◆ **Data to process**
◆ ◆ ◆ ◆ ◆ ◆ ◆
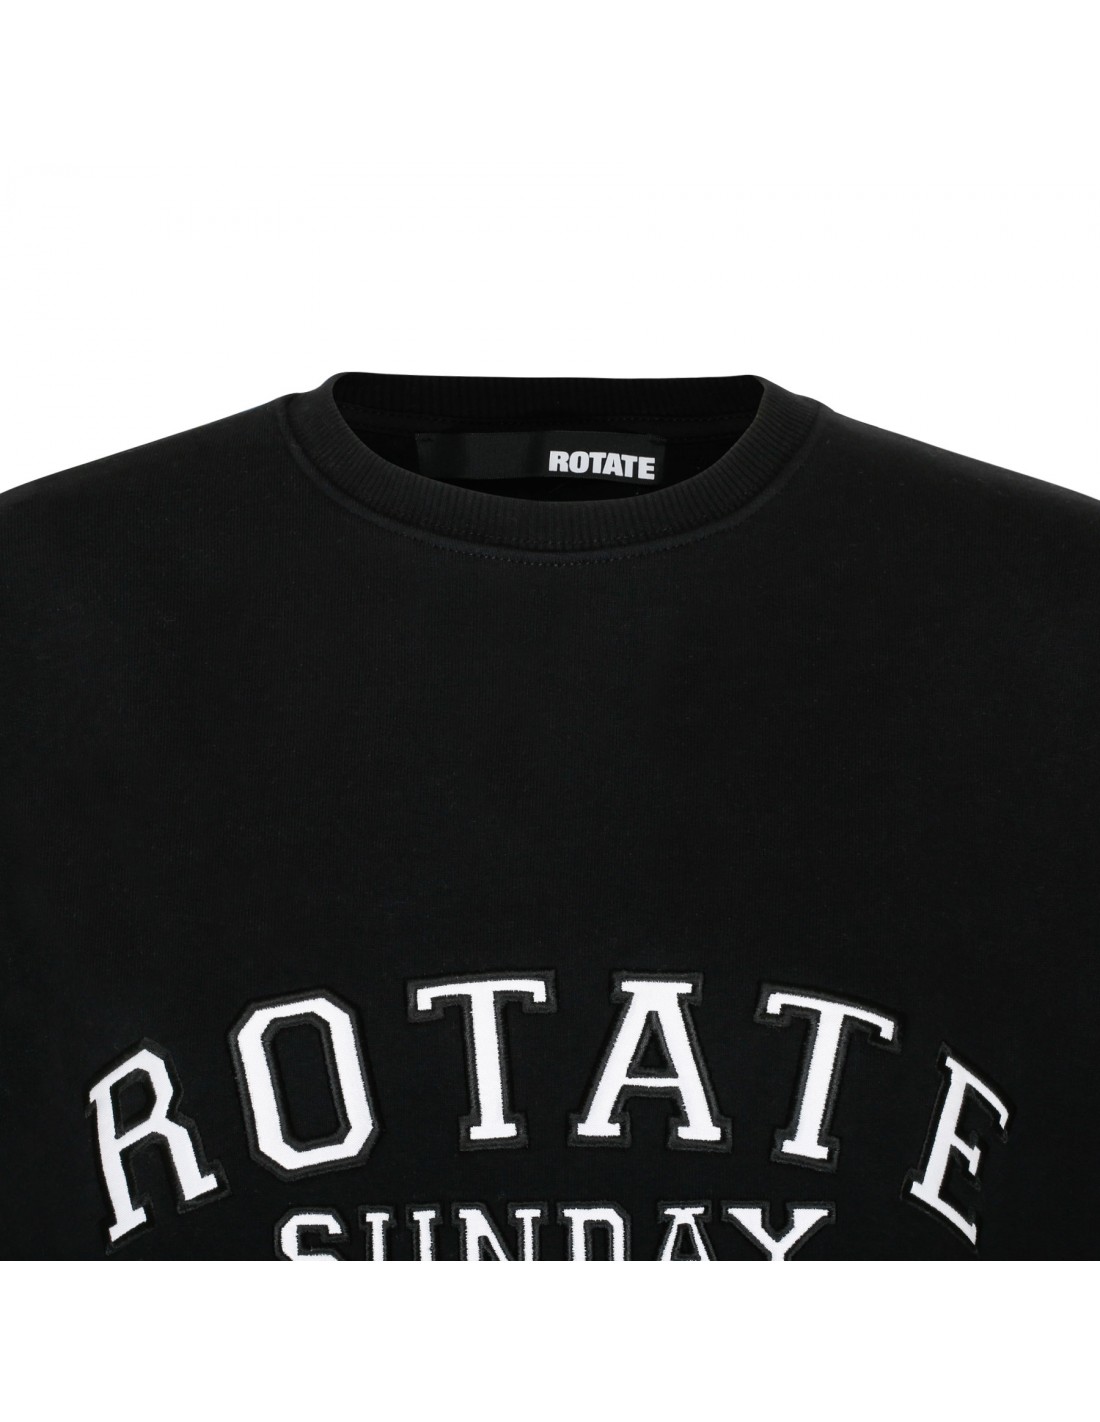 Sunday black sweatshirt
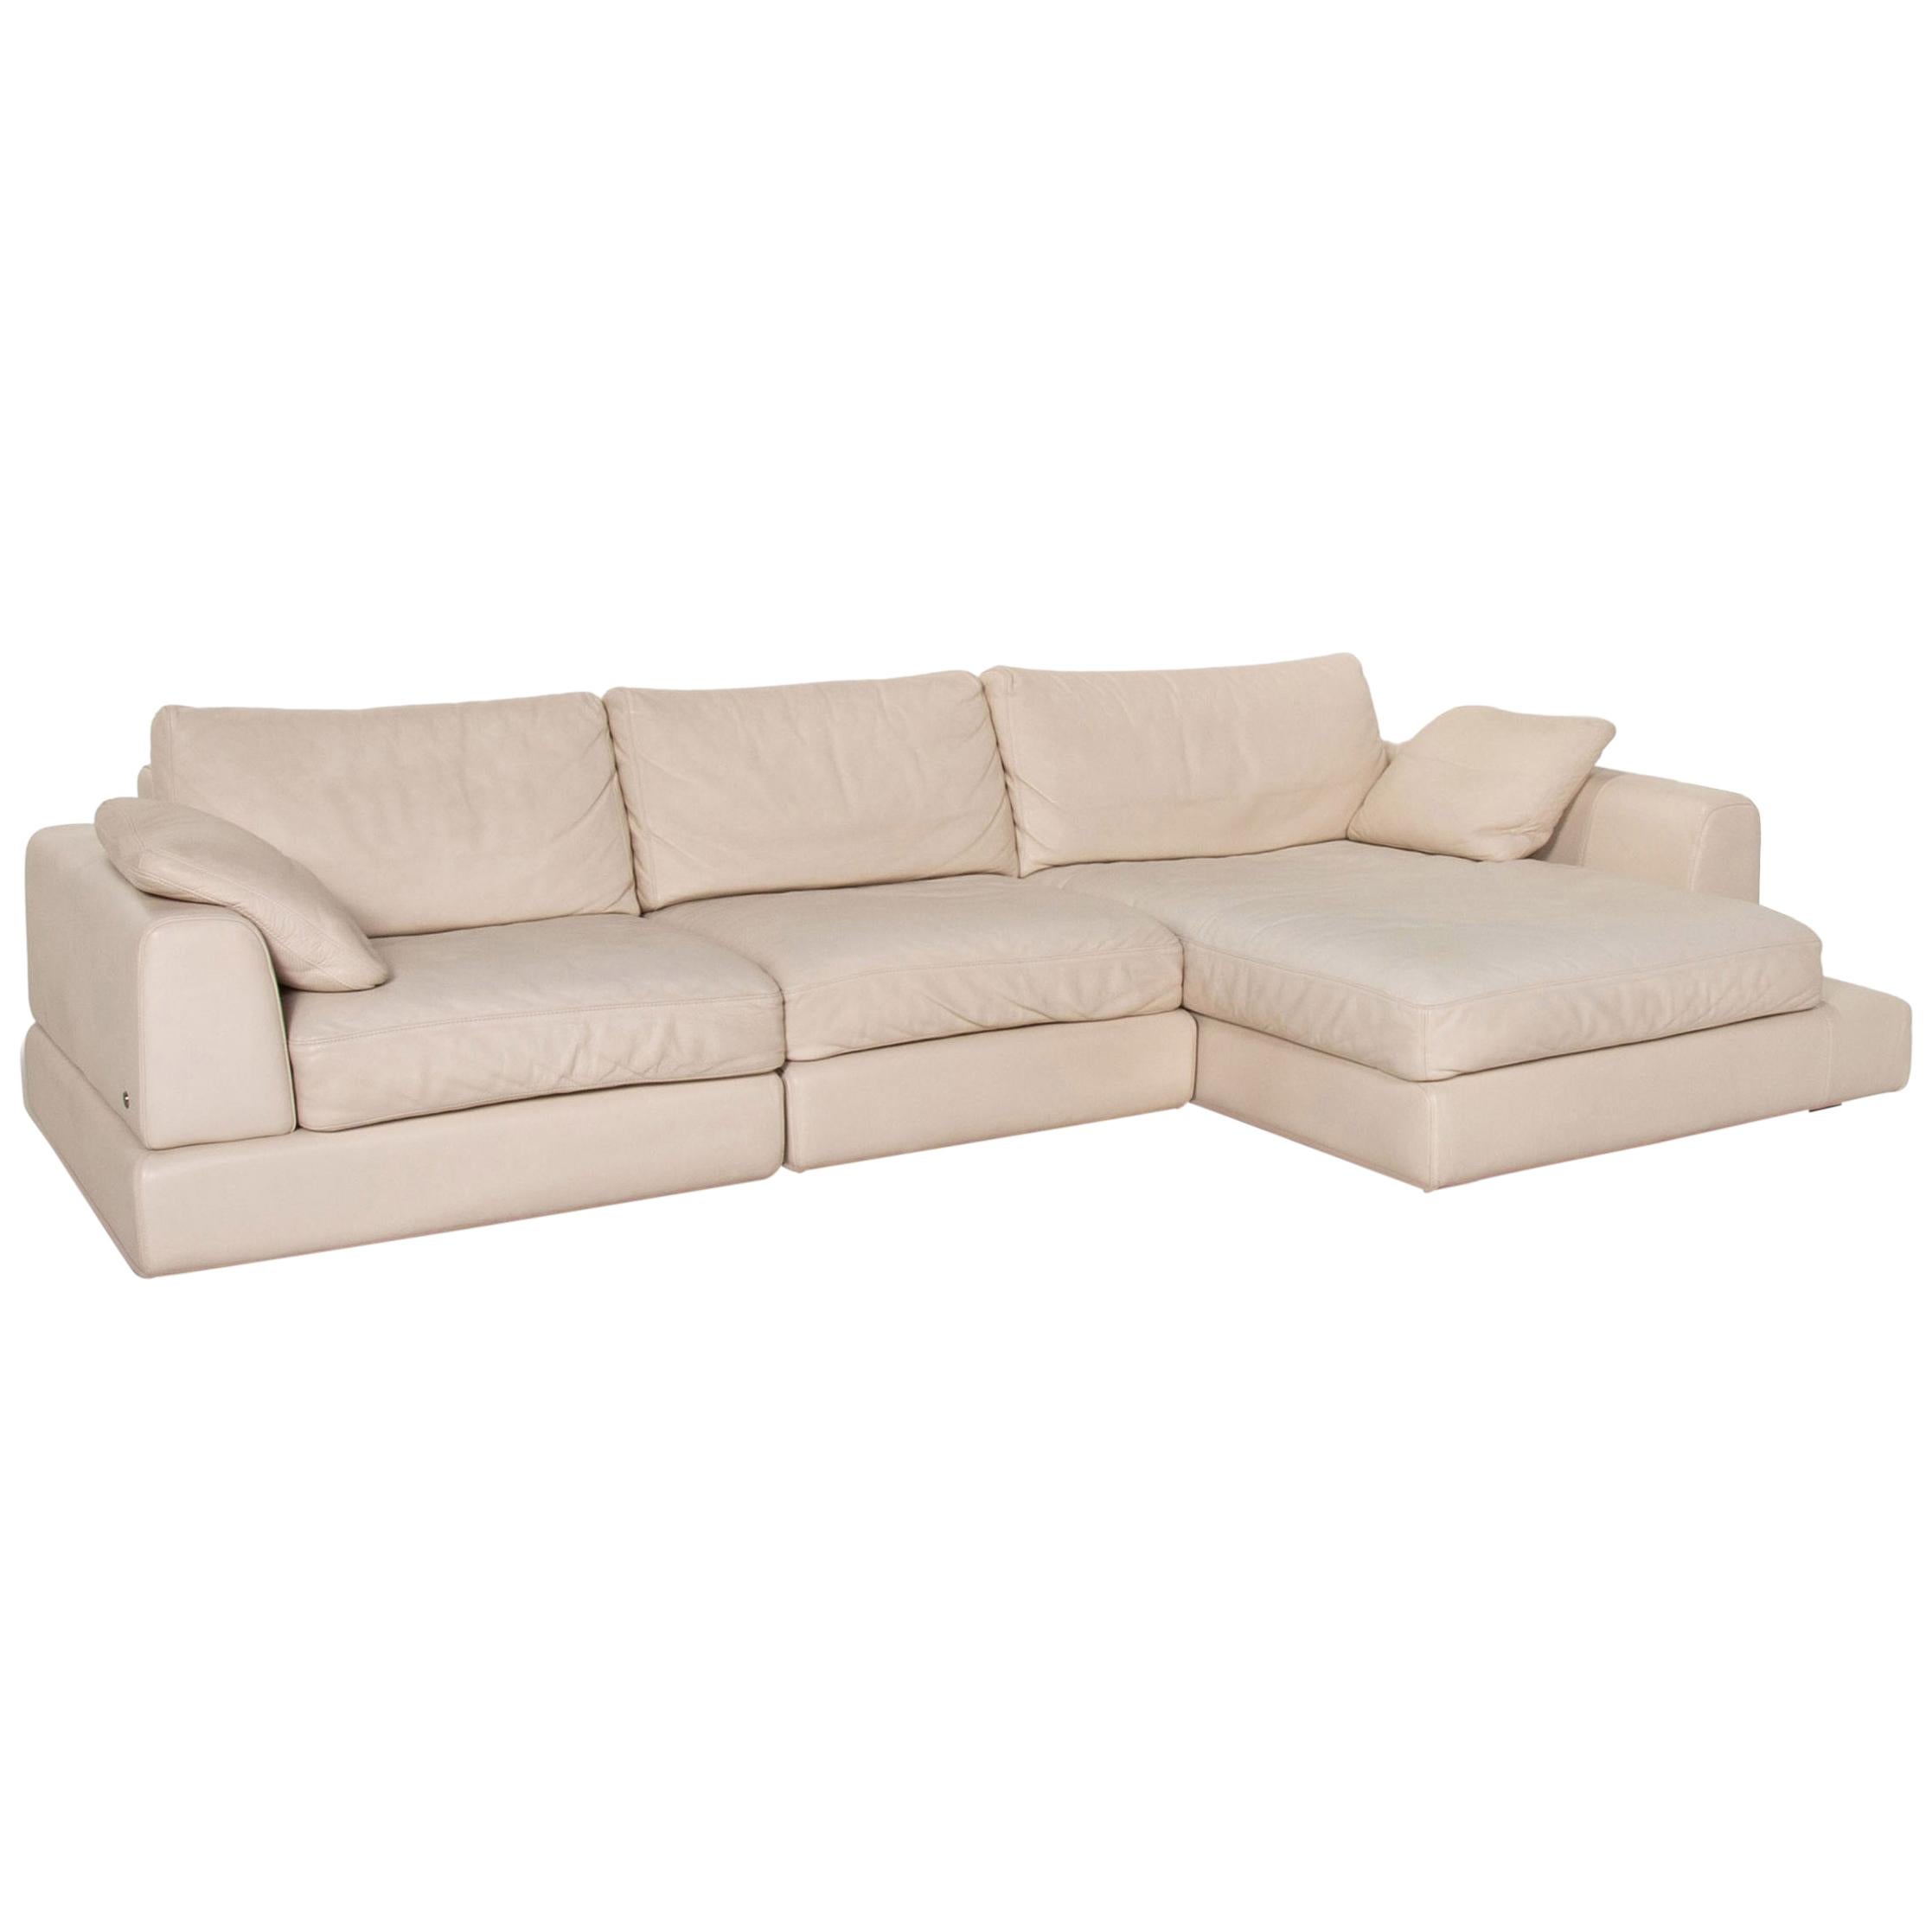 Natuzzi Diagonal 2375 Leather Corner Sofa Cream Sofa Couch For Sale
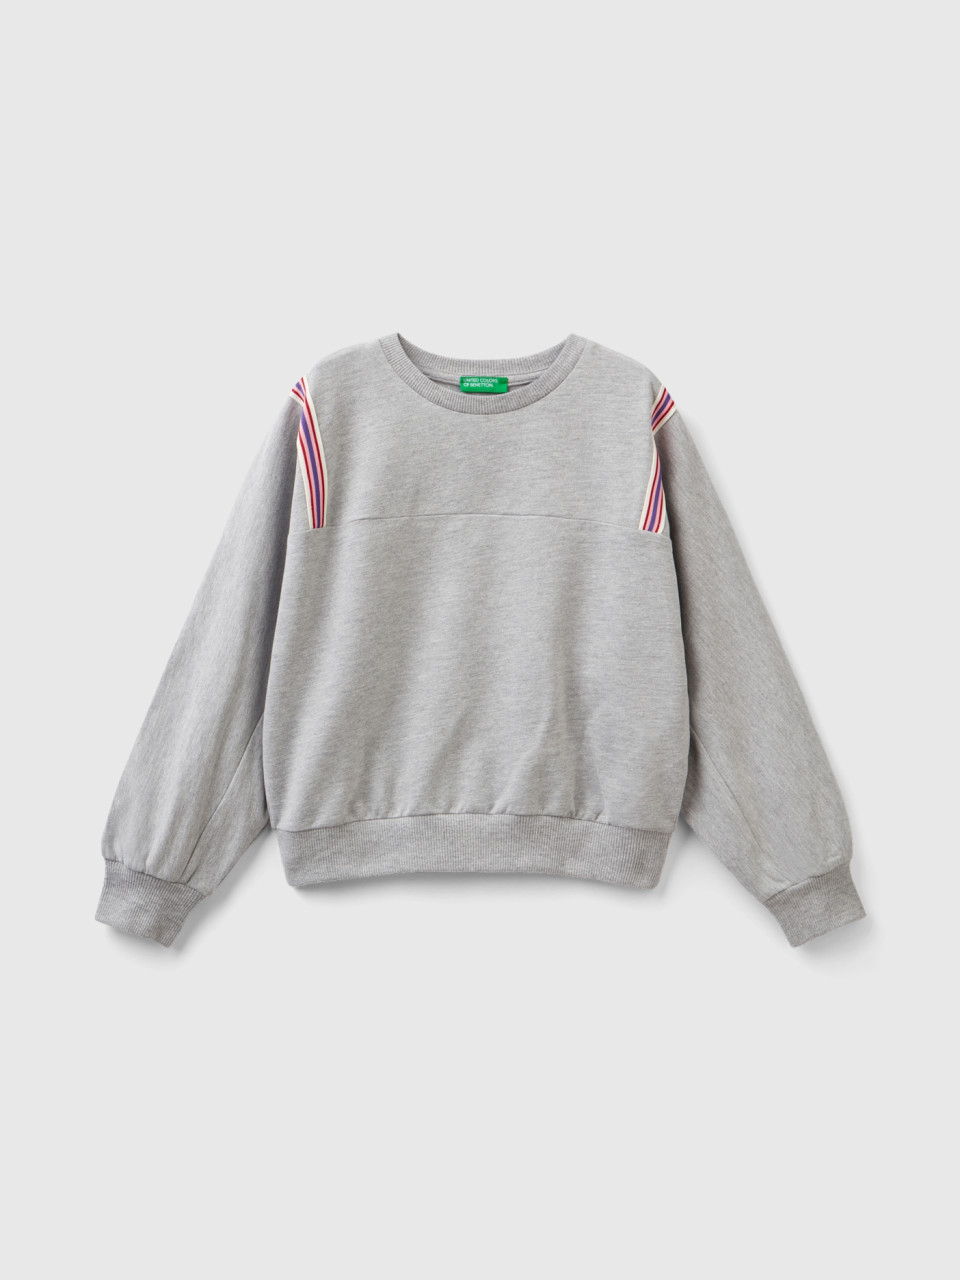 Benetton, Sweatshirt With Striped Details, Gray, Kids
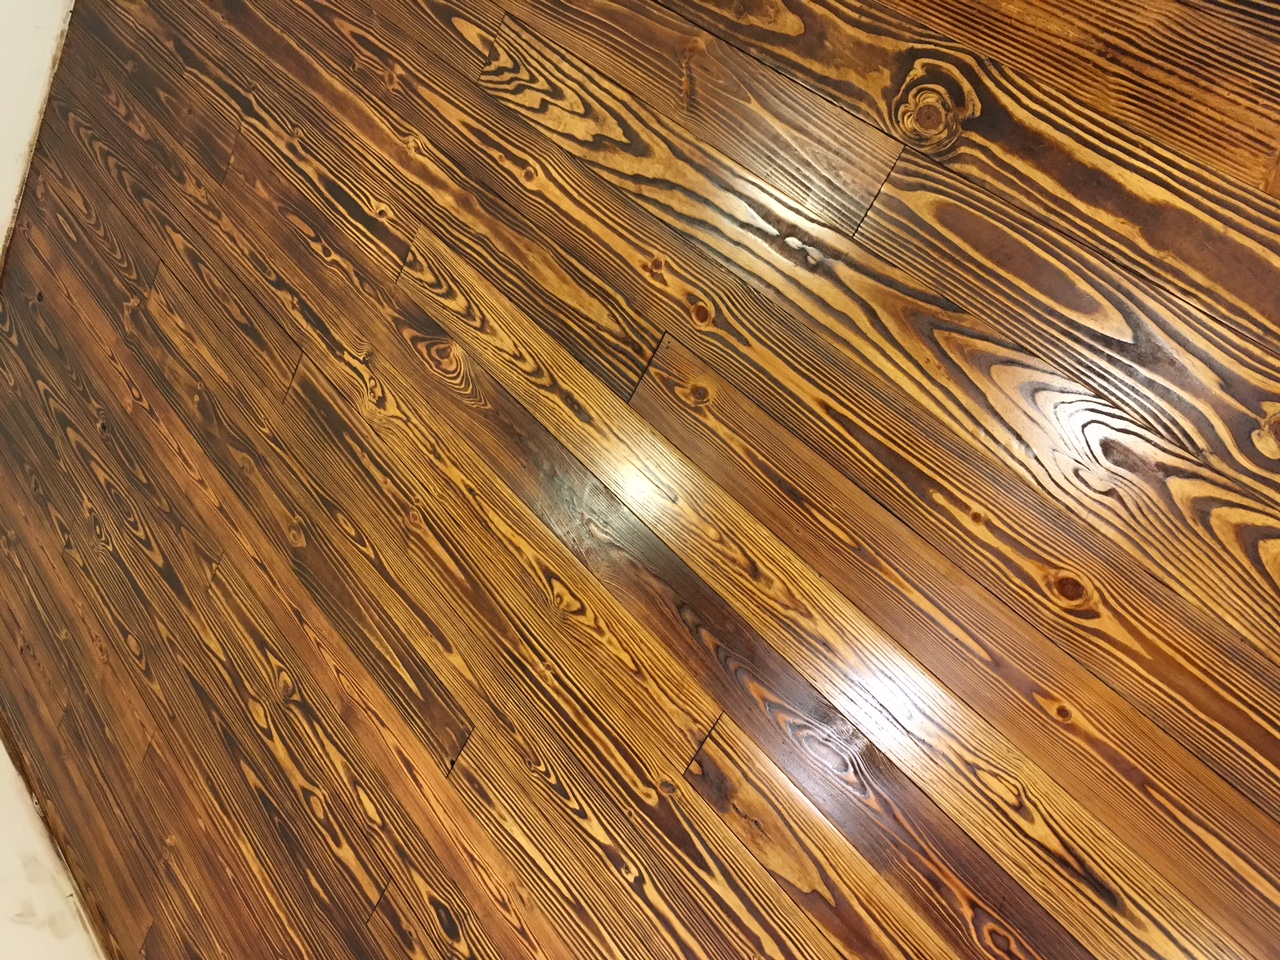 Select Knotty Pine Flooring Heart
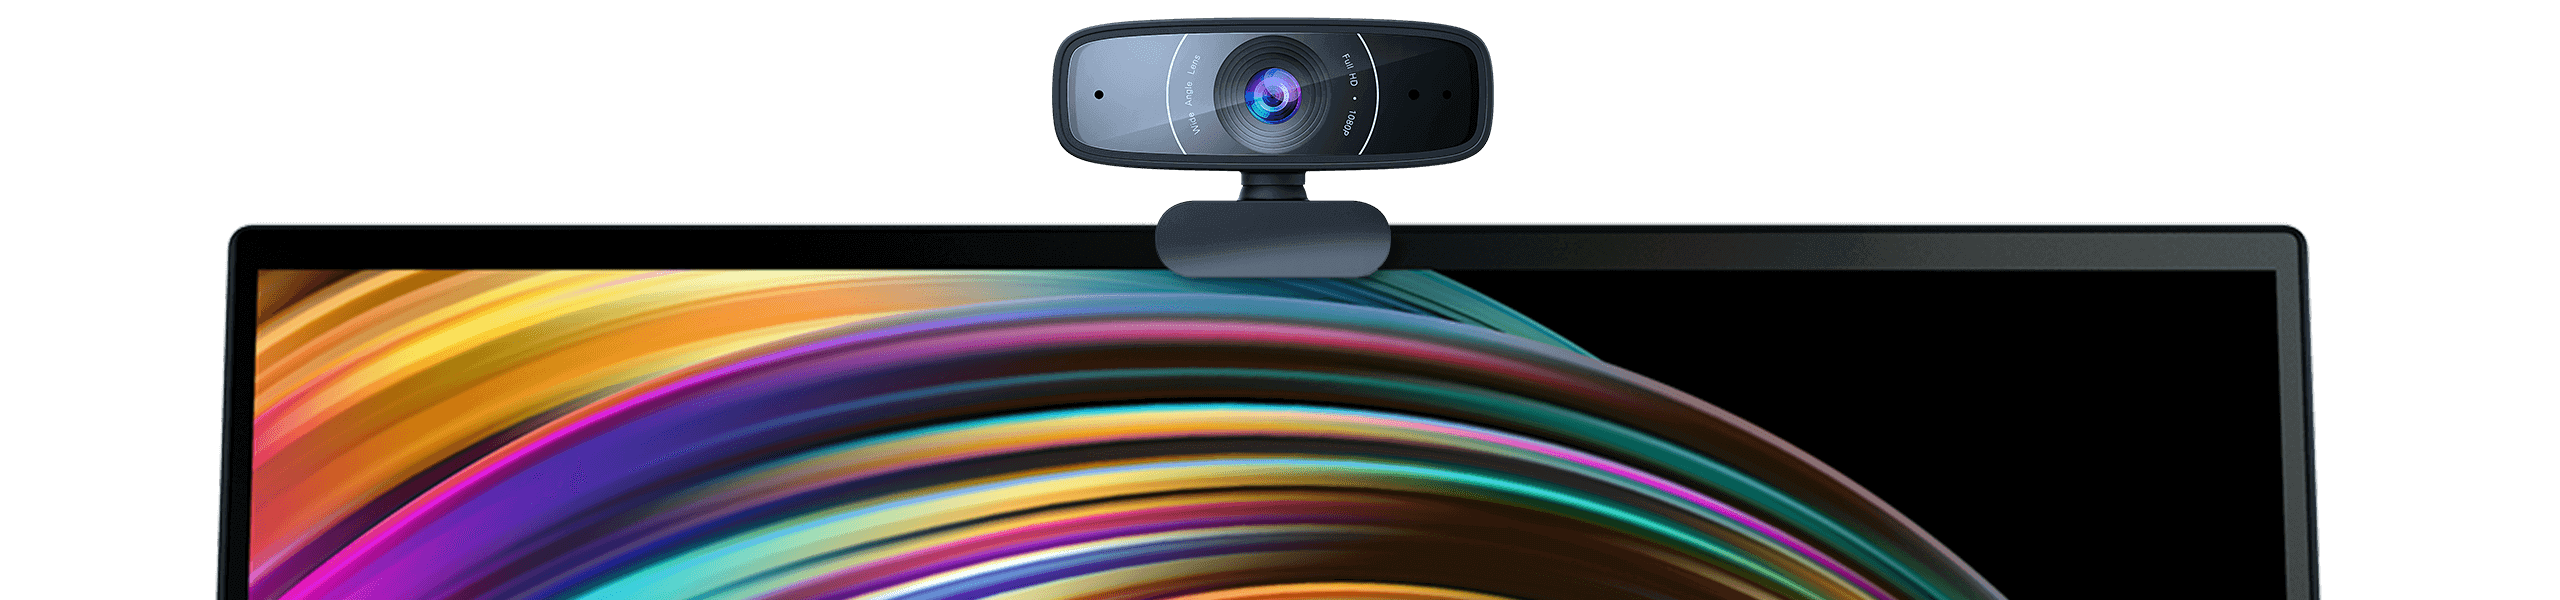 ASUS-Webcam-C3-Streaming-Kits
◆ ◆ ◆ ◆ ◆ ◆ ◆
◆ **Activity**
Your task is to reproduce every record exactly while omitting the pictures.

◆ **Answer**
 Sunday black sweatshirt
 Natuzzi Diagonal 2375 Leather Corner Sofa Cream Sofa Couch For Sale
 Benetton, Sweatshirt With Striped Details, Gray, Kids
 Select Knotty Pine Flooring Heart
 ASUS-Webcam-C3-Streaming-Kits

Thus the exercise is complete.